- Poonian Location in Punjab, India Poonian Poonian (India)
- Coordinates: 31°10′26″N 75°59′14″E﻿ / ﻿31.1738071°N 75.9872642°E
- Country: India
- State: Punjab
- District: Shaheed Bhagat Singh Nagar

Government
- • Type: Panchayat raj
- • Body: Gram panchayat

Population (2011)
- • Total: 942
- Sex ratio 492/450 ♂/♀

Languages
- • Official: Punjabi
- Time zone: UTC+5:30 (IST)
- PIN: 144505
- ISO 3166 code: IN-PB
- Post office: Banga (S.O)
- Website: nawanshahr.nic.in

= Poonian =

Poonian is a rural village that in the Shaheed Bhagat Singh Nagar district of Punjab, India. The village is represented through a sarpanch (a representative that is elected by the village people).

The village is 16 km from Nawanshahr and 106 km from Chandigarh.

== Demography ==
As of the 2011 census, Poonian has a total of 206 houses and a population of 942, of whom 492 are males. The literacy rate of Poonian is 75.30%. Of the total population, 11.89% are children under the age of 6 years. The child sex ratio is approximately 0.836 female/male, as compared to Punjab state average of 0.846 female/male.

17.2% of Poonian residents belong to a scheduled caste, while 82.8% belong to a scheduled tribe.

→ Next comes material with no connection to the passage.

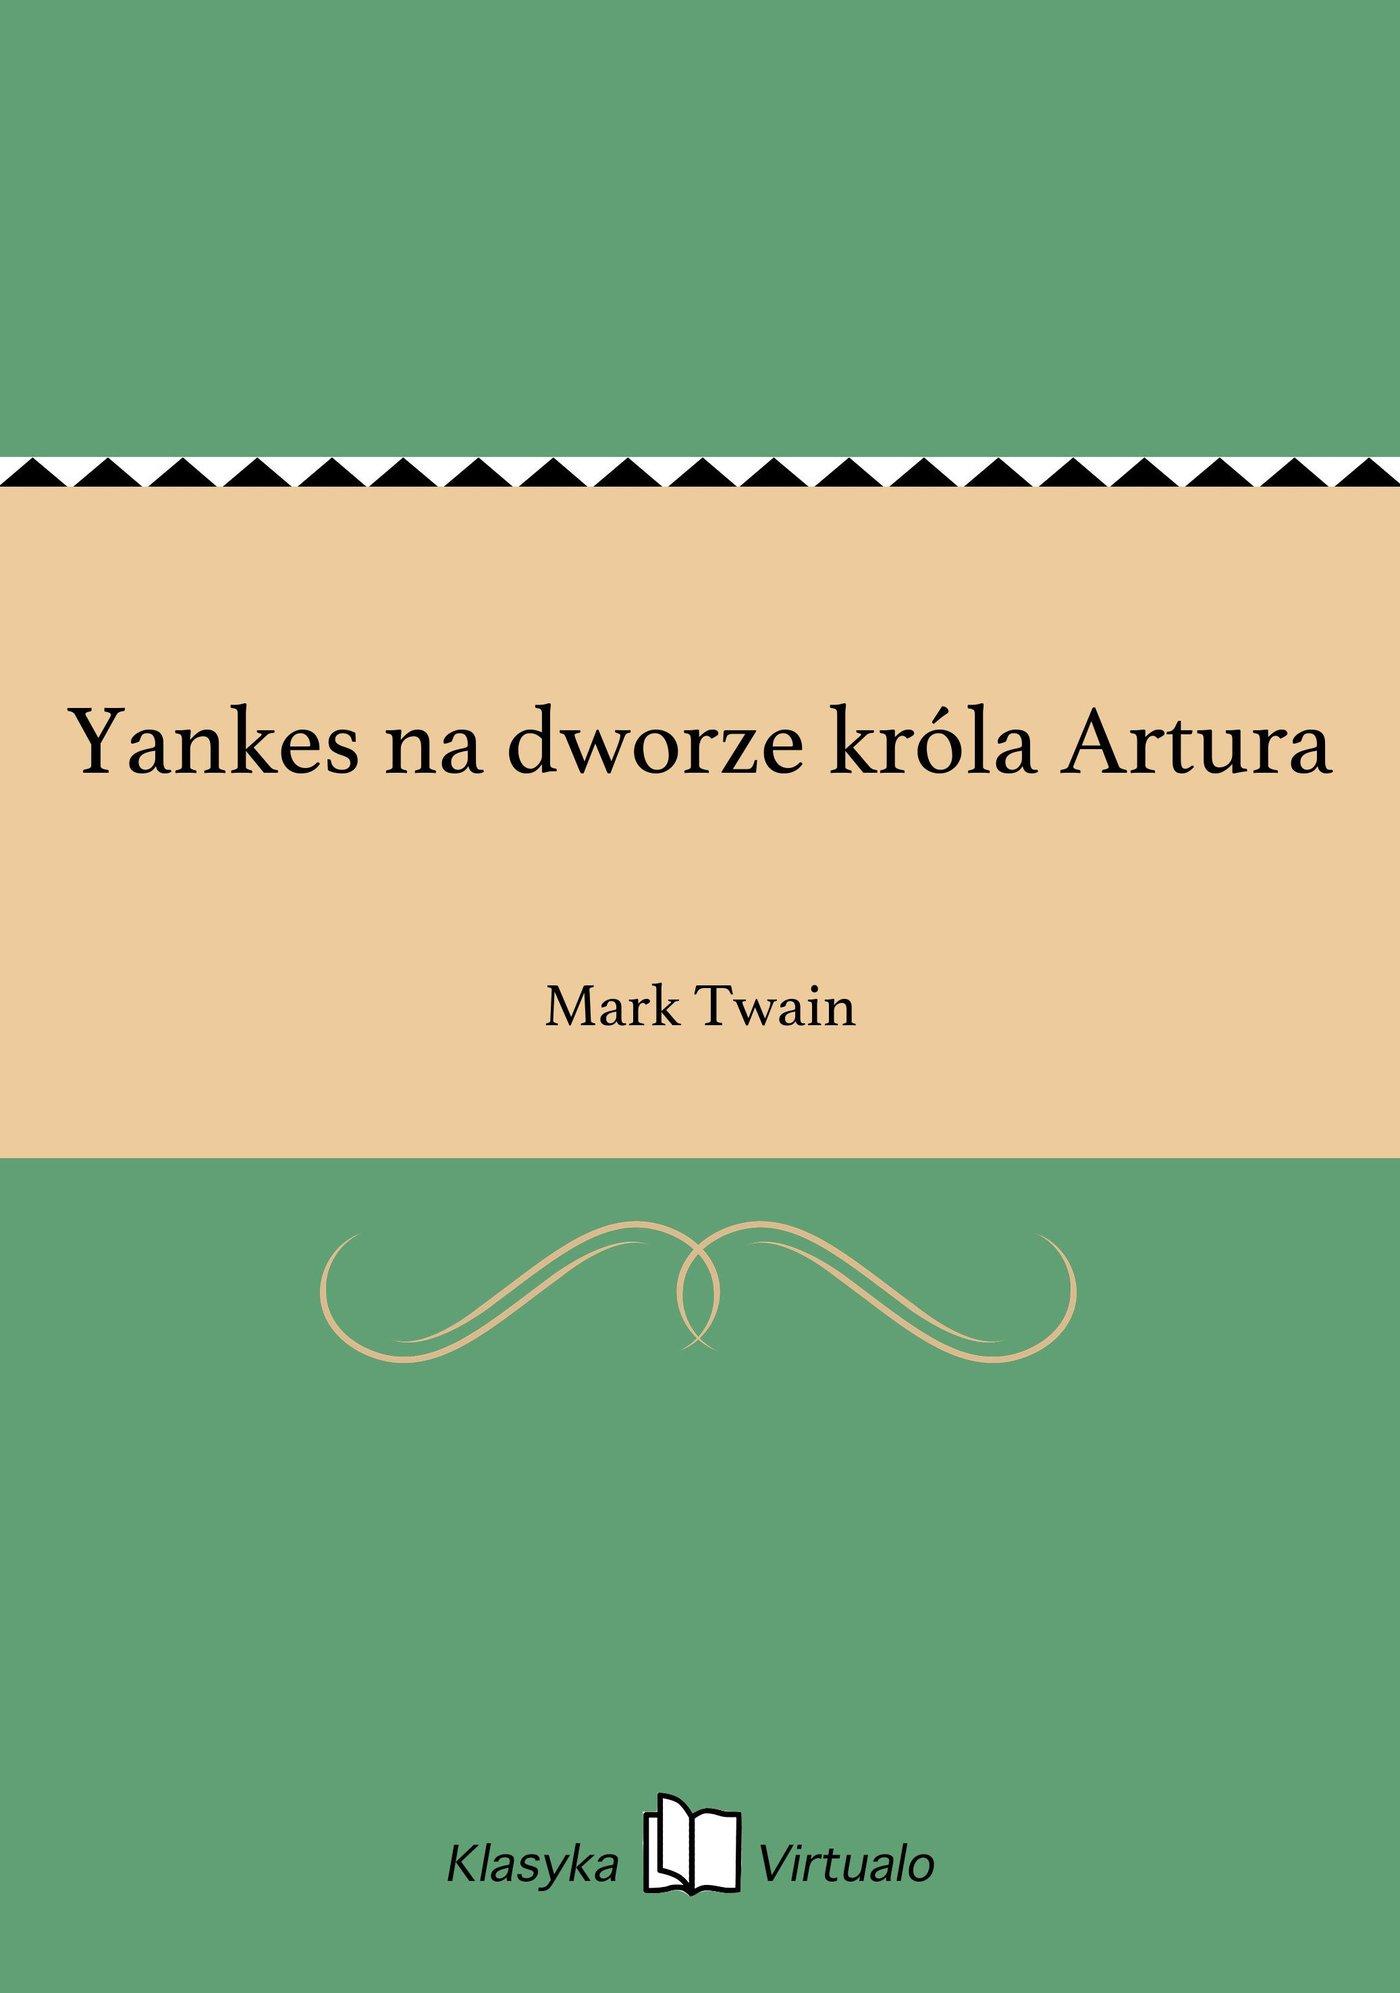 Yankes na dworze króla Artura - Ebook (Książka EPUB) do pobrania w formacie EPUB

314 people (278 males and 36 females) were engaged in work activities. 89.49% workers describe their work as main work and 10.51% workers are involved in marginal activity providing livelihood for less than 6 months.

== Education ==
The village is 86.7 km away from Chandigarh University, 63 km away from Indian Institute of Technology, 31.5 km away from Lovely Professional University, and 16.7 km from Industrial Training Institute Nawanshahr.

Nearby schools include:
- Govt Senior Secondary School, Ladhana Jhikka
- Dashmesh Model School, Kahma
- Govt High School, Jhander Kalan
- Govt Gigh School, Khan Khana
- Guru Ram Dass Public School, Cheta

== Transport ==
The nearest train station is in Banga. Garhshankar junction railway station is 18 km away from the village. Sahnewal Airport is the nearest domestic airport, and is 51 km from Poonian. The nearest international airport is Sri Guru Ram Dass Jee International Airport, at 141 km away.